# Homework Help: Circular motion

1. Mar 29, 2005

### john_f2004

An exhaust fan rotates at 9.0 x 10^2 revolutions per minute. Find the acceleration of a point on a blade at a distance of 25cm from the axis of rotation.

I don't know where to begin. Can someone help?

2. Mar 29, 2005

### dextercioby

How about:what theory would have to use to get it solved...?Formulas and a reasoning for using them...

Daniel.

3. Mar 29, 2005

### john_f2004

Ok I think the ? has to do with uniform circular motion. The only equation I am given is a (sub) c = v^2 divided by r
A (sub) c = centripetal acceleration
v = velocity

4. Mar 29, 2005

### dextercioby

$a_{cp}=\omega^{2} r$ is the formula that u need.

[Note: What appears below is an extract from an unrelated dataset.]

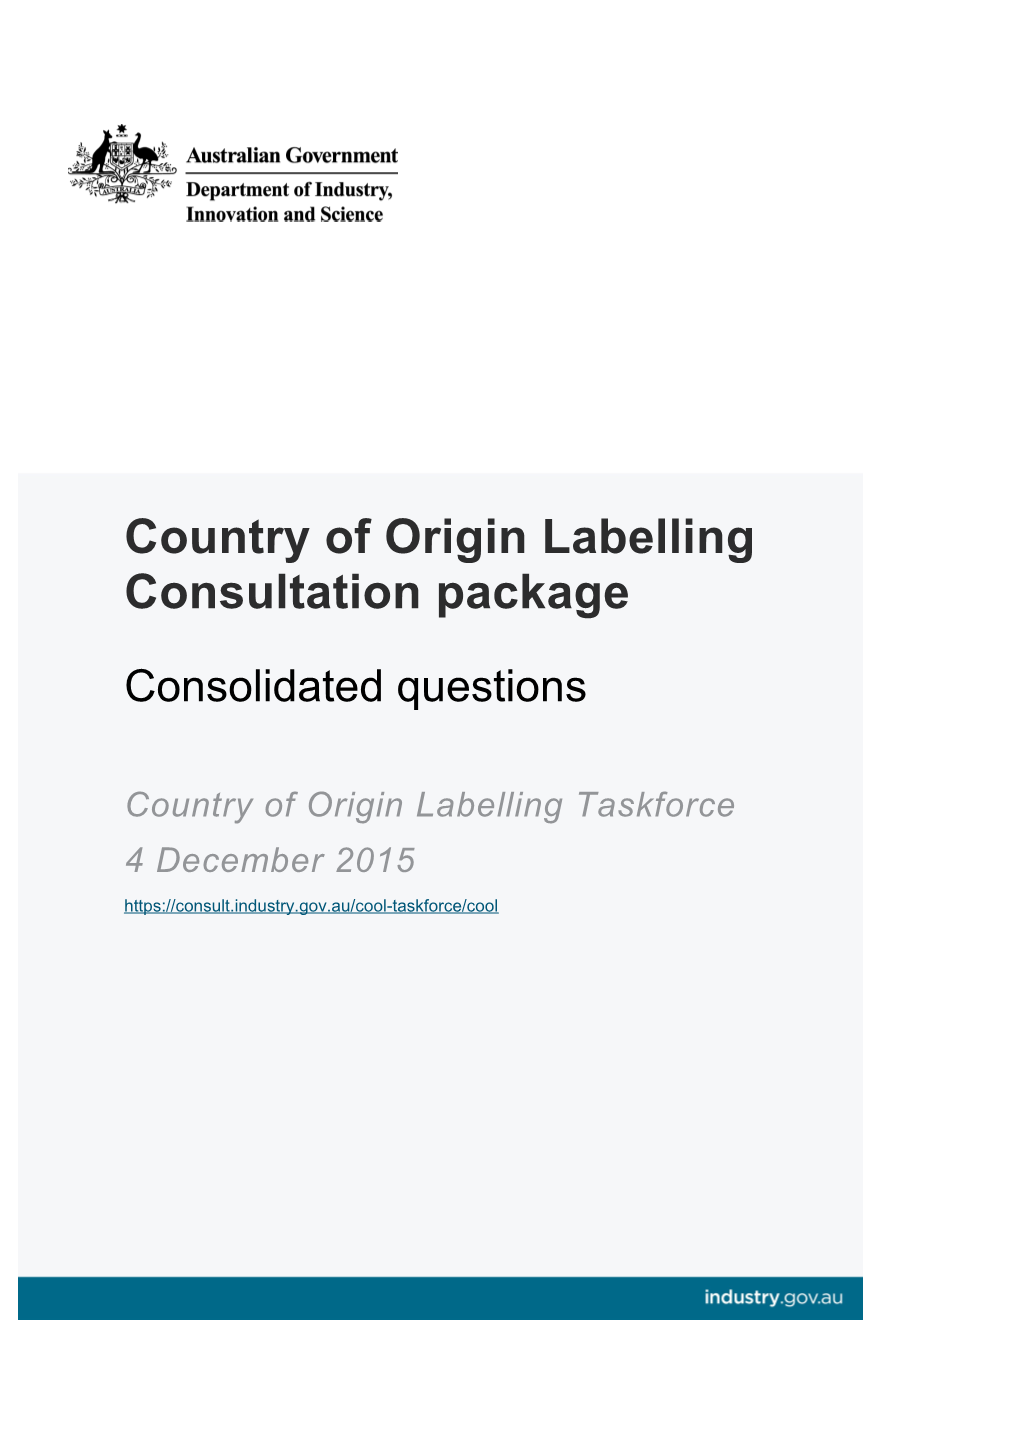 Country of Origin Labelling Taskforce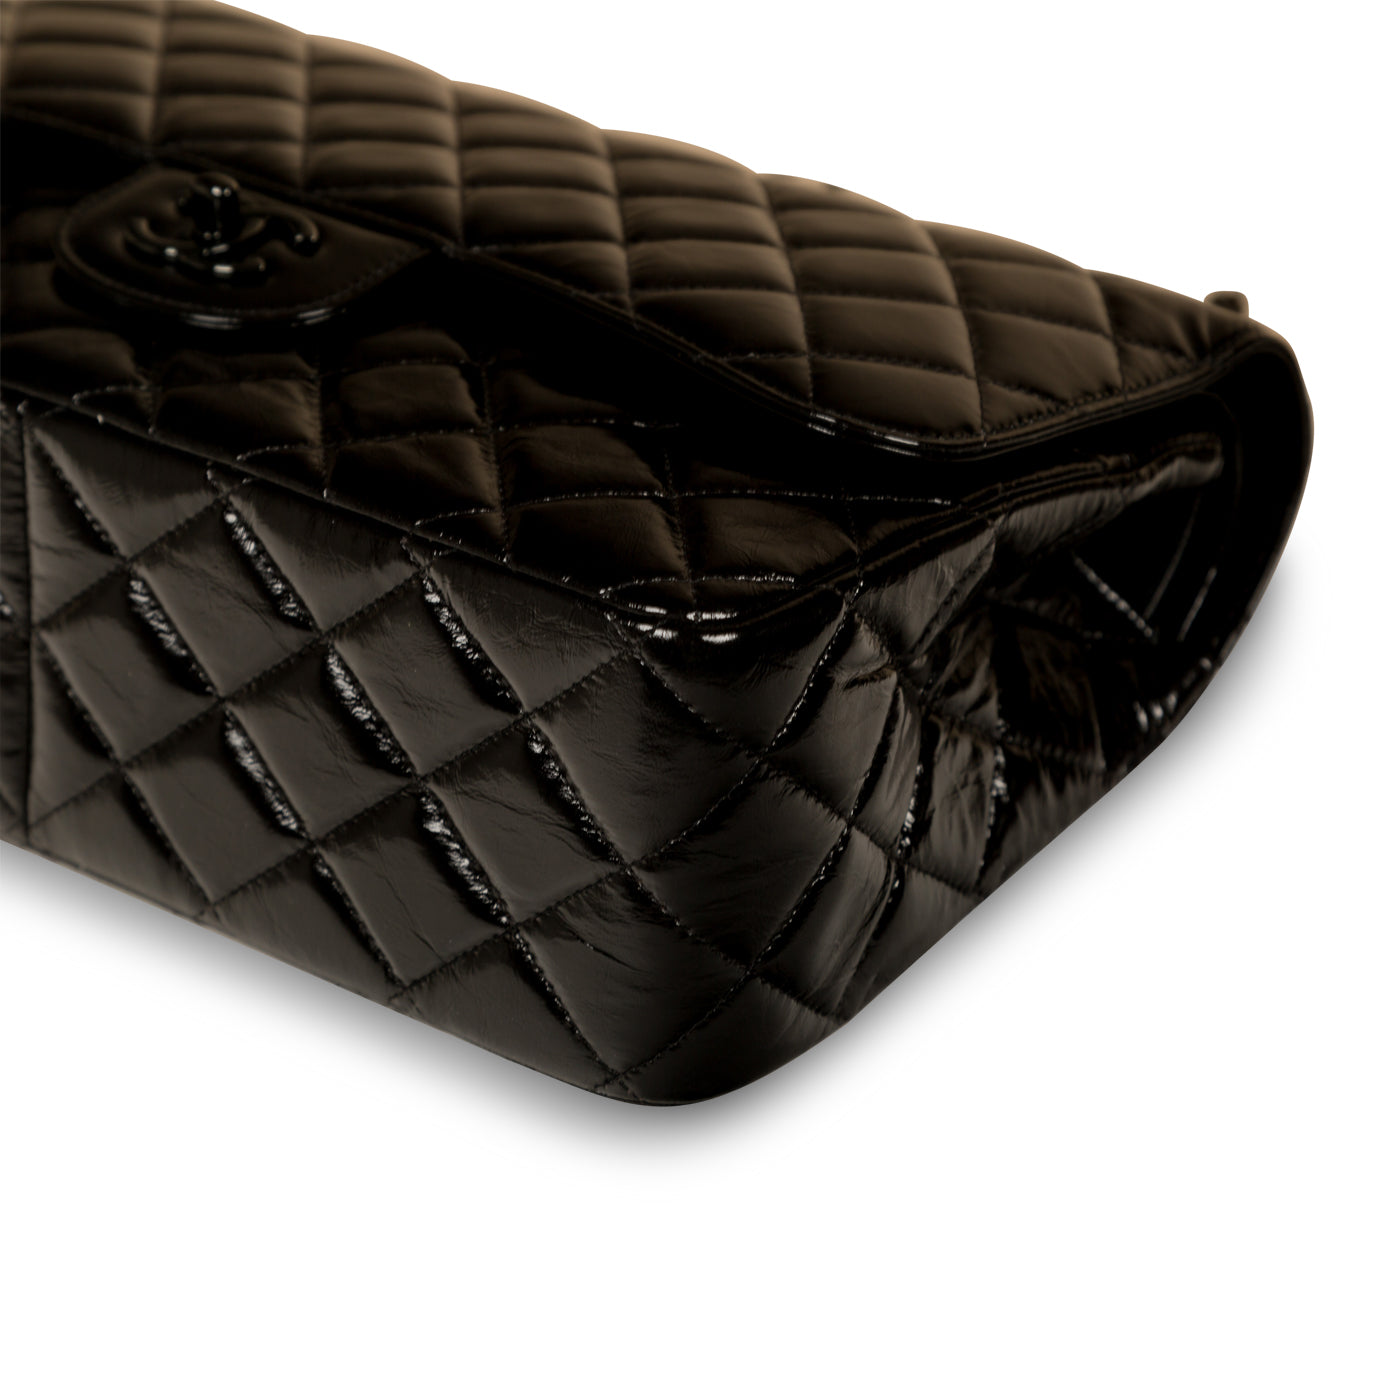 Chanel - So Black Classic Flap Bag Jumbo - Black Glazed Leather - BHW -  Immaculate

U have been give the frequency.Find the angular velocity "omega"...

Daniel.

5. Mar 29, 2005

### john_f2004

isnt that the same formula i just gave you?

6. Mar 29, 2005

### dextercioby

Not really.There's a close connection between the 2,though.So do it.

Daniel.

7. Mar 29, 2005

### john_f2004

that is the problem I don't know how

8. Mar 29, 2005

### dextercioby

$$a_{cp}=(2\pi\nu)^{2}r$$

U know "r" and u know "nu",now find the acceleration.Convert from revs/min to Hz...

Daniel.

9. Mar 29, 2005

### john_f2004

the question has nothing to do with frequency

10. Mar 29, 2005

### dextercioby

If you don't see it,that's bad.

"rotates at 9.0 x 10^2 revolutions per minute"...what does that mean?

Daniel.

11. Mar 29, 2005

### john_f2004

the answer i am supposed to get has nothing to do with frequency. all i need to know is the acceleration. no where in our notes and in our class did we talk about frequency.

12. Mar 30, 2005

### dextercioby

Incidentally,in this problem you are given the frequency & the distance between the point & the center of the circle.

I can't do anything more.I've already told u what to do...

Daniel.

13. Mar 30, 2005

### tutor69

Johnf2004,
In the given quetion you are given the frequency,f i.e. number of revolutions per minute. You can convert this into time period, T using:
T = 2*pi/f

Now use $$v = \frac{2 \pi r}{T}$$
as for an object moving with constant speed on a circular path, v = s/t
Here, the distance,s is the circumference(2*pi*r) traversed in time t. But then t, the time is also equal to time taken for one complete revolution, hence equal to T.

acceleration = (v^2)/r

What dextercioby has explained is same , he started with $$\omega$$, the angular velocity

Last edited: Mar 30, 2005